I could only check 14 out of 20 OSD's so far, cause from two older nodes a scrub leads to slow-requests… > couple of minutes, so VM's got stalled… customers pressing the "reset-button", so losing caches…

Comments welcome,

Oliver.

> On Fri, Dec 7, 2012 at 6:39 AM, Oliver Francke <Oliver.Francke@xxxxxxxx> wrote:
>> Hi,
>> 
>> is the following a "known one", too? Would be good to get it out of my head:
>> 
>> 
>>> /var/log/ceph/ceph-osd.40.log.1.gz: 1: /usr/bin/ceph-osd() [0x706c59]
>>> /var/log/ceph/ceph-osd.40.log.1.gz: 2: (()+0xeff0) [0x7f7f306c0ff0]
>>> /var/log/ceph/ceph-osd.40.log.1.gz: 3: (gsignal()+0x35) [0x7f7f2f35f1b5]
>>> /var/log/ceph/ceph-osd.40.log.1.gz: 4: (abort()+0x180) [0x7f7f2f361fc0]
>>> /var/log/ceph/ceph-osd.40.log.1.gz: 5:
>>> (__gnu_cxx::__verbose_terminate_handler()+0x115) [0x7f7f2fbf3dc5]
>>> /var/log/ceph/ceph-osd.40.log.1.gz: 6: (()+0xcb166) [0x7f7f2fbf2166]

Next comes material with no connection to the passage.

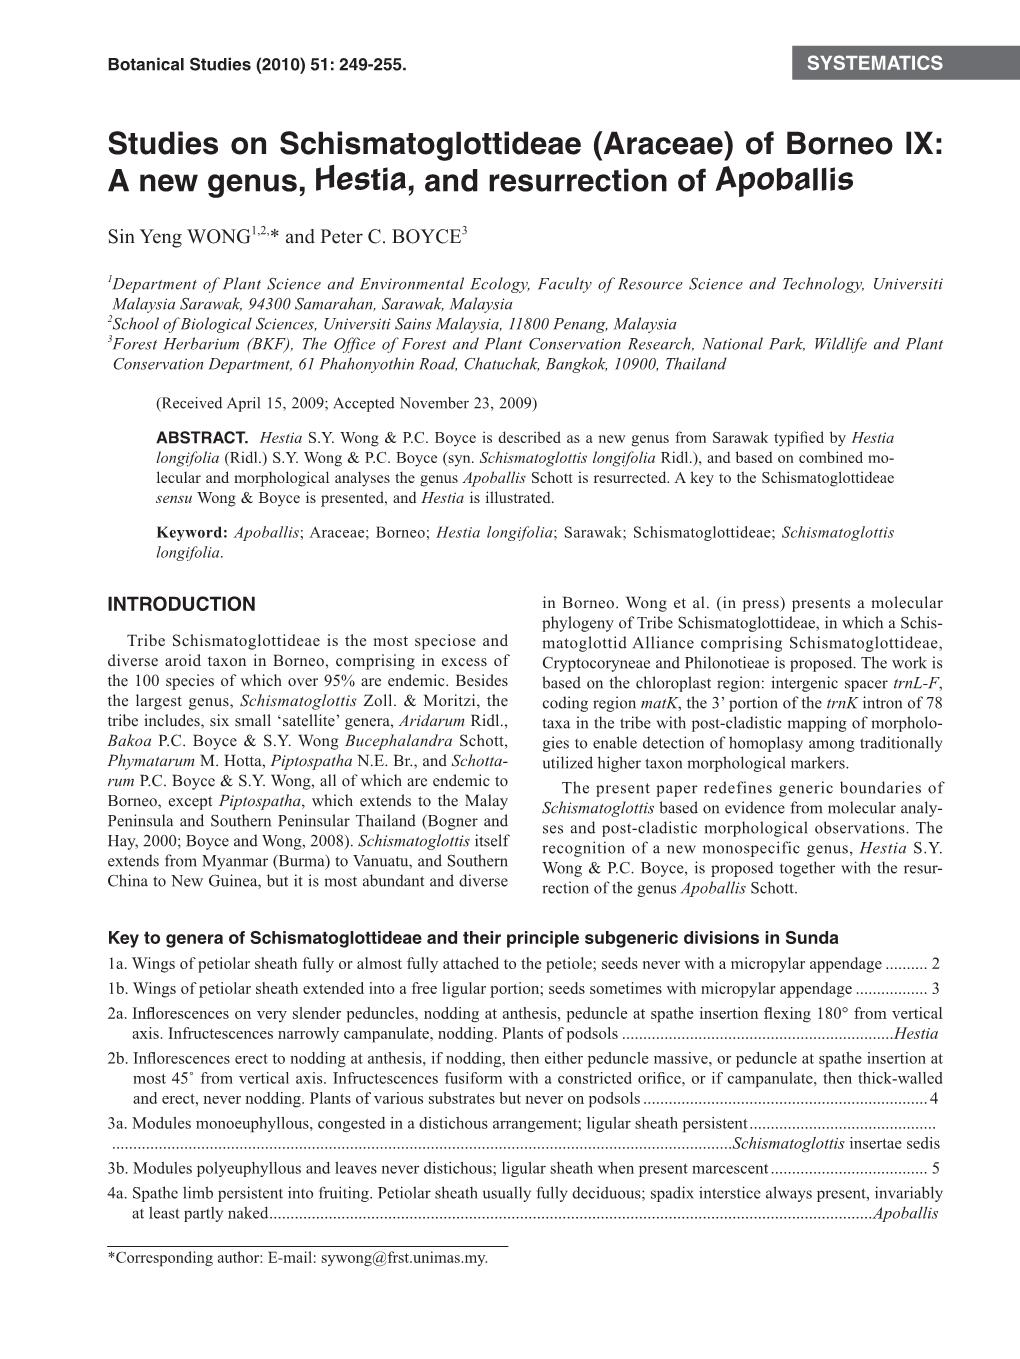 Studies on Schismatoglottideae (Araceae) of Borneo IX: a New Genus, Hestia, and Resurrection of Apoballis

>>> /var/log/ceph/ceph-osd.40.log.1.gz: 7: (()+0xcb193) [0x7f7f2fbf2193]
>>> /var/log/ceph/ceph-osd.40.log.1.gz: 8: (()+0xcb28e) [0x7f7f2fbf228e]

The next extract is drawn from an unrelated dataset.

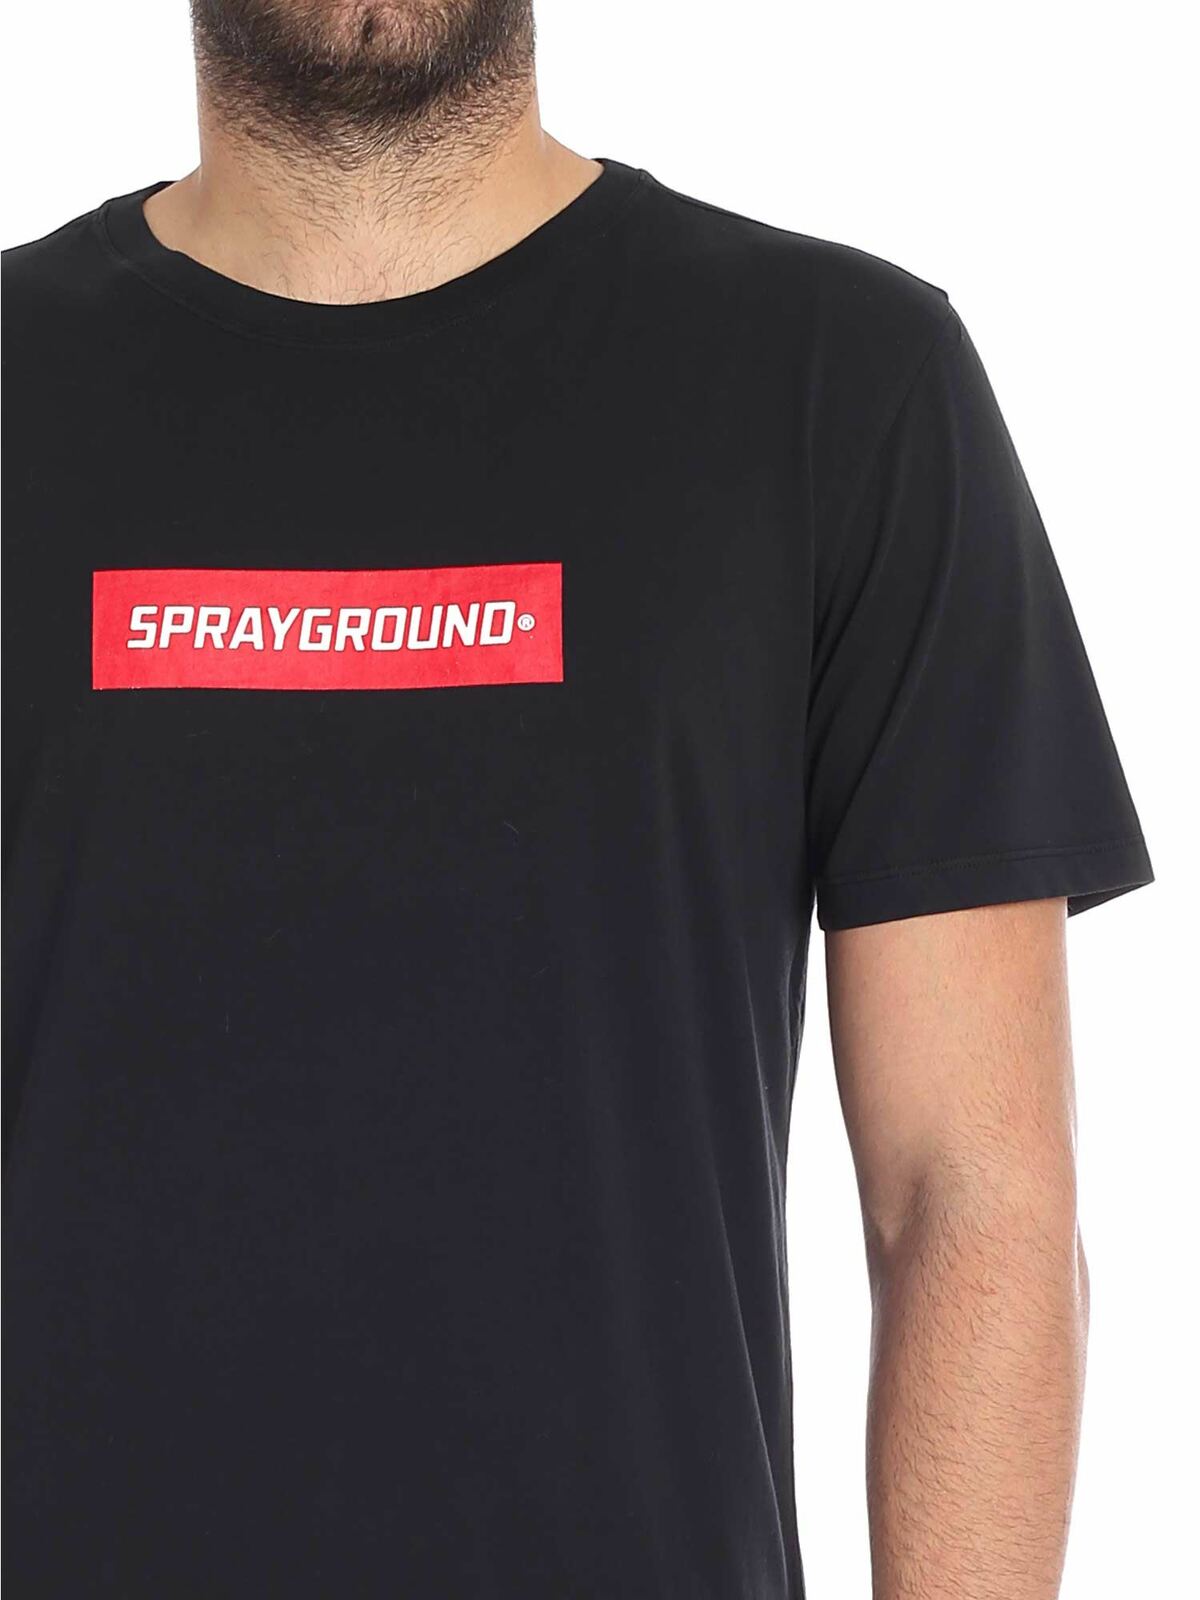 graphic-print short-sleeved T-shirt, Sprayground

>>> /var/log/ceph/ceph-osd.40.log.1.gz: 9: (ceph::__ceph_assert_fail(char
>>> const*, char const*, int, char const*)+0x793) [0x77e903]
>>> /var/log/ceph/ceph-osd.40.log.1.gz: 10:
>>> (PG::merge_log(ObjectStore::Transaction&, pg_info_t&, pg_log_t&,
>>> int)+0x1de3) [0x63db93]
>>> /var/log/ceph/ceph-osd.40.log.1.gz: 11:
>>> (PG::RecoveryState::Stray::react(PG::RecoveryState::MLogRec const&)+0x2cc)
>>> [0x63e00c]
>>> /var/log/ceph/ceph-osd.40.log.1.gz: 12:
>>> (boost::statechart::simple_state<PG::RecoveryState::Stray,
>>> PG::RecoveryState::Started, boost::mpl::list<mpl_::na, mpl_::na, mpl_::na,
>>> mpl_::na, mpl_::na, mpl_::na, mpl_::na, mpl_::na, mpl_::na, mpl_::na,
>>> mpl_::na, mpl_::na, mpl_::na, mpl_::na, mpl_::na, mpl_::na, mpl_::na,
>>> mpl_::na, mpl_::na, mpl_::na>,
>>> (boost::statechart::history_mode)0>::react_impl(boost::statechart::event_base
>>> const&, void const*)+0x203) [0x658a63]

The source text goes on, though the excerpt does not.